Une jeune femme d'aujourd'hui se rend à la gare, sans doute est-elle en déplacement à Rouen… Il lui reste du temps avant de prendre le train qui doit la ramener chez elle. Elle pénètre dans le musée des Beaux Arts où elle va s'alléger de ses bagages, de son manteau qu'elle dépose à l'entrée. Au cours de cette visite improvisée un tableau va la happer : une copie de Saint Sébastien soigné par Irène de Georges de la Tour

La vue du tableau l'entraîne, la met hors temps, hors champ comme l'a fait une douloureuse liaison qu'elle se remémore ; une passion mortifère, désormais révolue, dont le souvenir reste toujours vif.
Georges de la Tour et son Irène vont lui permettre de revivre ce bouleversement amoureux, de l'apaiser en lui en restituant la beauté lumineuse et sombre, beauté transfigurée par le silence et la profondeur du tableau tout en clair-obscur.
« Je n'arrive pas à détacher mon regard du visage de la jeune femme du tableau. Ni de la légèreté de ses mains sur la blessure, comme des ailes bienveillantes qui emporteront la douleur au loin et la laisseront se dissoudre dans la nuit. »

"L'ombre de nos nuits" ce sont trois voix qui se répondent par delà l'espace et le temps, par le truchement d'un tableau et la magie de l'écriture de Gaëlle Josse qui permet leur dialogue : celle du peintre Georges de la Tour, celle de Laurent l'apprenti dont on peut imaginer qu'il ait pu faire une copie de ce tableau où Claude la fille de Georges de la Tour incarne Irène, et l'inconnue qui contemple. Ils sont tous unis par la beauté douloureuse de leur passion.

Ainsi de la Tour qui se prépare dans l'isolement de son atelier :
« Je regarde les bâtons de fusain posés à côté de moi, alignés, pour l'esquisse de la scène. À chaque fois, cette hésitation. La trace de la main, le contact avec la toile. Éternelle initiation. Comme on approche un corps qui s'offre pour la première fois. Découvrir comment il va réagir, frissonner, trembler, gémir. Deviner quel est son secret, sa joie, sa blessure. Éprouver cette sensation qui ne peut être qu'une seule fois et disparaît dans le geste qui l'accomplit. le geste de la connaissance.
(…) J'aime le silence qui accompagne la nuit, j'aime le feu, l'ombre et leur danse, ils se cherchent, s'évitent, s'enlacent. le silence qui accompagne nos vérités. Je n'ai pas besoin de grand-chose d'autre, quand j'y pense.

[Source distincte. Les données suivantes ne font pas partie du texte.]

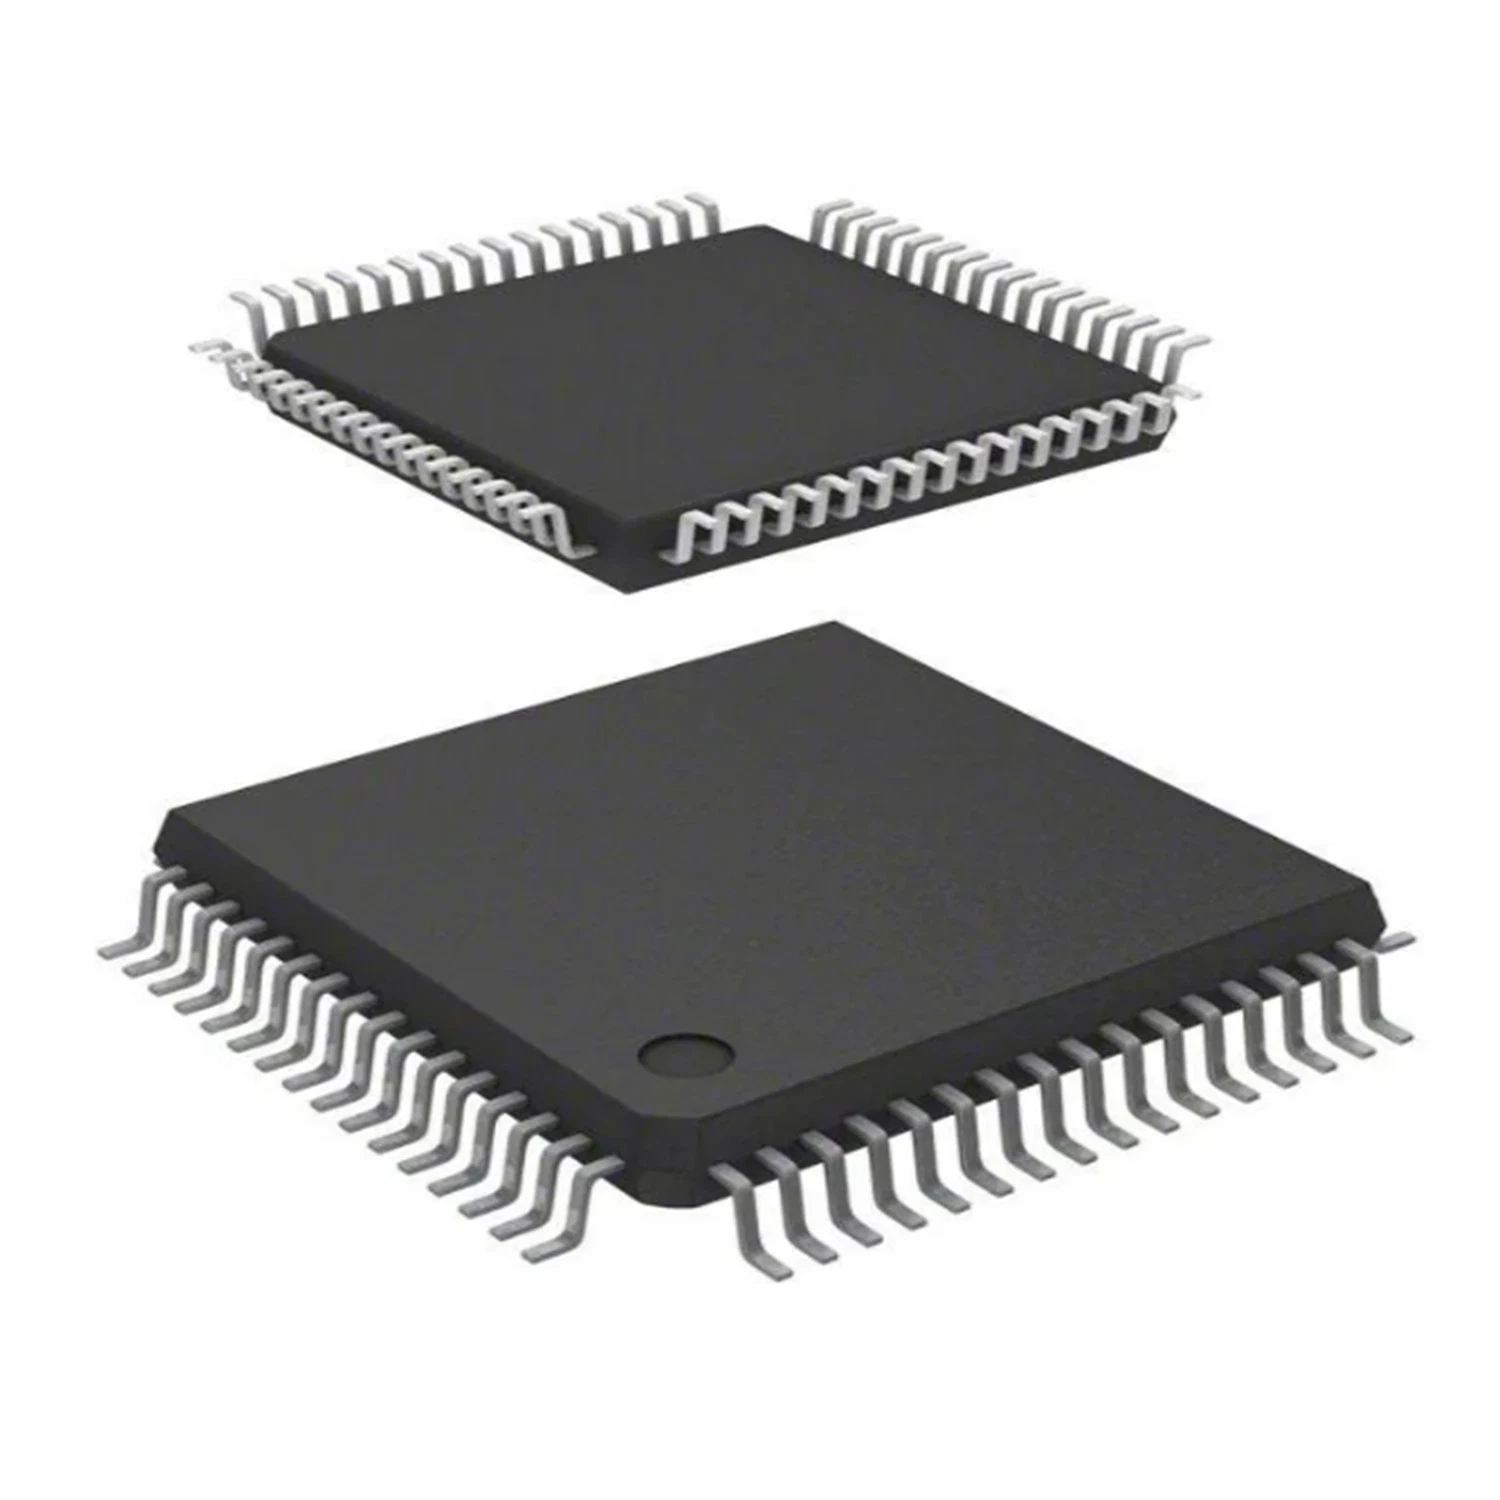 Spot IC Dspic33ep64mc506-I/PT integrierte Schaltung Elektronische Komponenten sind brandneu Und Original

et la jeune femme, comme en écho, parlant de celui qui va l'isoler dans sa passion :

« Dès l'instant de notre rencontre, j'ai découvert un état nouveau, du moins inconnu dans cette intensité, comme si je prenais conscience pour la première fois de la profondeur et du relief d'un paysage familier, soumis à un éclairage d'une violence nouvelle, dessinant des contours aigus et creusant des ombres insoupçonnées. Un état de tension, éprouvé dans chaque partie du corps, dans le ventre, les épaules, au fond de la gorge, comme un appel incessant et muet. L'attente. S'y joignaient les efforts surhumains pour ne pas la montrer, à la manière dont on isole dans une pièce un animal domestique trop bruyant ou trop turbulent pour un visiteur. Il me fallait la discipliner, la travestir pour ne pas t'effrayer d'un amour trop grand.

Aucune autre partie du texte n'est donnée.